Wie gänzlich zwecklos übrigens ein solches Unterfangen gewesen wäre, zeigt die Antwort von Innsbruck mit aller Deutlichkeit. Es fällt dem Erzherzog und seinen Ministern nicht im Entferntesten ein, sich zugunsten ihres Lehnsmannes in bündnerische Händel einzumischen, sie sind froh, wenn sie nicht mit Gewalt hineingezogen werden. Die ganze „Engenndeiner“ Unruhe sehen sie nur aus dem Gesichtspunkte des Schutzes ihrer eigenen Grenzen und das einzige, was sie schliesslich für Planta taten, war eine Fürbitte beim Strafgericht. Auf Verwendung des österreichischen Gesandten und der Eigenossen wurde Planta nicht unter dem Galgen enthauptet, sondern an der gewohnten Richtstätte vor dem oberen Tor; sein Leib aber wurde seinen Freunden überlassen, die ihn dann im Kloster St. Luzi beisetzten. Die Hilfe des Lehnsherren galt also lediglich dem toten Planta, das Schicksal des Lebenden opferten sie ohne Bedenken ihrem staatlichen Interesse. Sie wollten unter keinen Umständen in Händel verwickelt werden, alles Übrige war ihnen gleichgültig. 

Und dass sie nicht ohne Sorge waren, das Feuer möchte über die Grenzen schlagen, ergibt sich aus dem nämlichen Schreiben vom 18. März 1572. Man ersieht daraus, dass Oswald Trapp, Pfleger zu Glurns und Mals, dem „Regiment“ folgenden schriftlichen Bericht hat zugehen lassen: Er sei durch eine glaubwürdige Person verständigt worden, am 10. März seien die Bergeller mit 200 Mann und auf ihr Zutun auch die Oberhalbsteiner und Vazer 500 Mann stark mit fliegenden Feldzeichen und Spielen auf Chur gerückt. Dann hätten sie ins Ober- und Unterengadin Boten geschickt, um auch diese Talschaften aufzubieten, ihnen nach Chur nachzurücken (was ihnen tatsächlich nicht gelang). Die Absicht sei, stracks nach Rhäzüns zu ziehen und den Doktor von Planta dort mit Raub und Brand zu überfallen, weil er von der päpstlichen Heiligkeit Privilegien und Freiheiten erhalten habe, „ain Visitation inn der religion an etlichen orten bey und unndter ihnen fürzunehmen“.
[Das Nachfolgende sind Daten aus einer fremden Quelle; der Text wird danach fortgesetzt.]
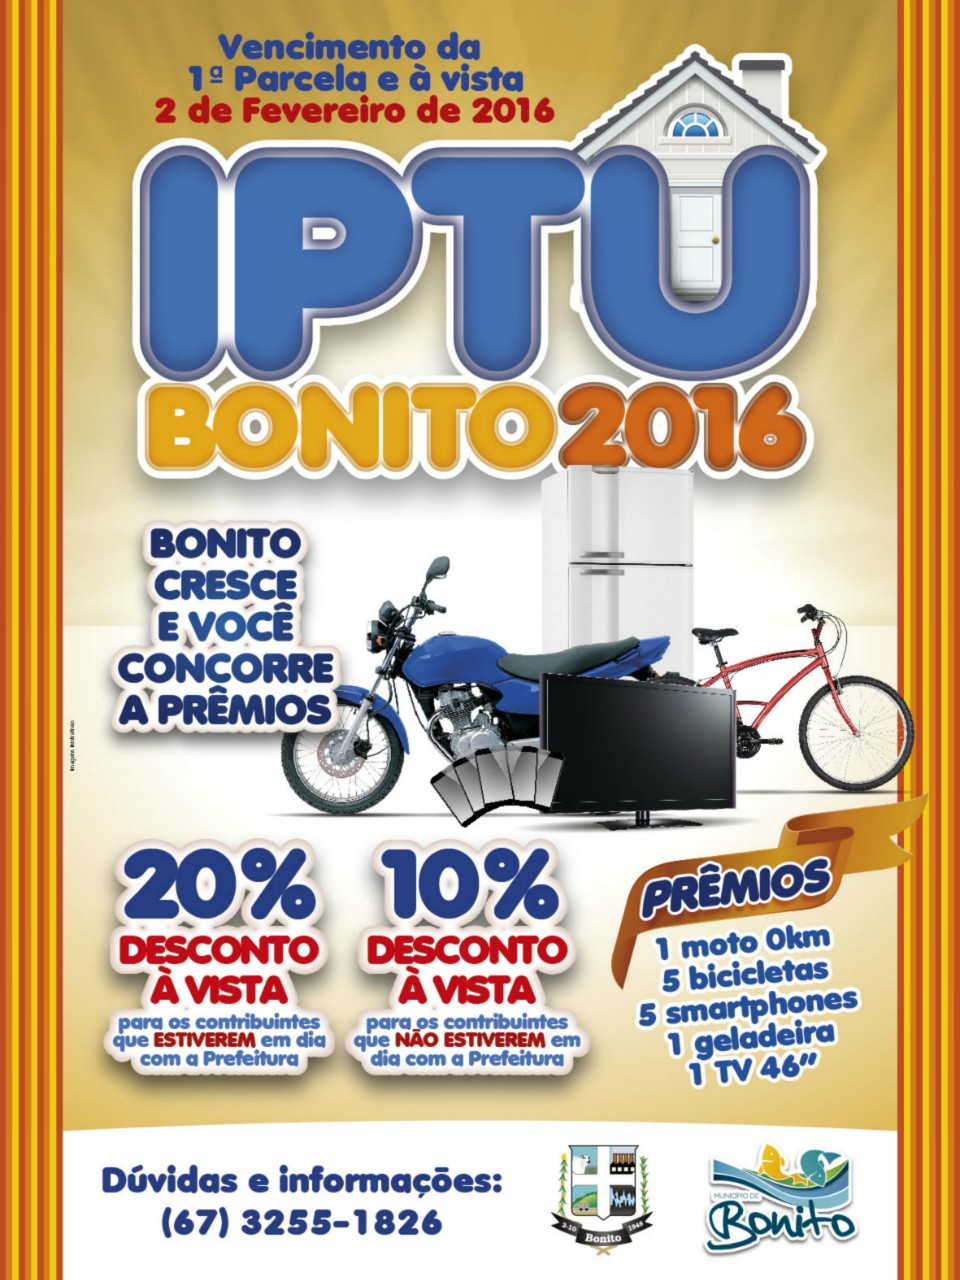 IPTU com 20% e 10% de desconto vence no próximo dia 02 de fevereiro

Aus eigenen Informationen setzt das „Regiment“ hinzu, es sei ihm Kund geworden, unter den „Enngendeinern“ (so nennen die Österreicher die Bündner im Allgemeinen) sei allerlei böses Gemurmel und Gerede, des Planta Sohn, dem Dompropst zu Chur, seien durch den Papst etliche geistliche Güter verwilligt worden. Dazu schüre Dietegen von Salis, der ohne das gegen den von Planta in Irrung stehe, das Feuer.

Das „Regiment“ glaubte nun allerdings, das Vorhaben der Bergeller richte sich nur gegen die Person des Planta und nicht gegen erzherzogliches Eigentum zu Rhäzüns, immerhin sei diesen aufrührerischen Leuten nicht viel „Ehrbarkeit“ zuzutrauen. Darum habe das „Regiment“ im Namen des Erzherzogs Schreiben an folgende Stellen gerichtet: an den Pfleger Trapp, an Herrn Hansen Khuen, Pfleger zu Naudersberg, an Franz und Siegmund Hendl, Pfleger zu Lanndegg, Zollner in der Finstermuncz und dem Grafen Hannibal von hohen Embs, als Inhaber der Herrschaft Feldkirch; der gerade anwesende Hauptmann auf Tarasp Conrad Jäcklin sei mündlich verständigt worden. Diese Männer wurden angewiesen, gewisse Kundschaft zu bringen über den Charakter und die Ausdehnung der Empörung und über etwaige Gefahren für die Lande des Erzherzogs. Was sie erfahren könnten, sollen sie sofort durch Eilboten nicht nur der Regierung in Innsbruck, sondern auch dem Landeshauptmann an der Etsch mitteilen, damit man sich rüsten könne, etwaigen bewaffneten Angriffen zu begegnen. Die Notdurft der Zeit erfordere durchaus, dass der Landeshauptmann in Meran persönlich zugegen sei und der Erzherzog möge ihm daher erlauben, hineinzureisen und zwar ohne Verzögerung, damit nichts versäumt werde. 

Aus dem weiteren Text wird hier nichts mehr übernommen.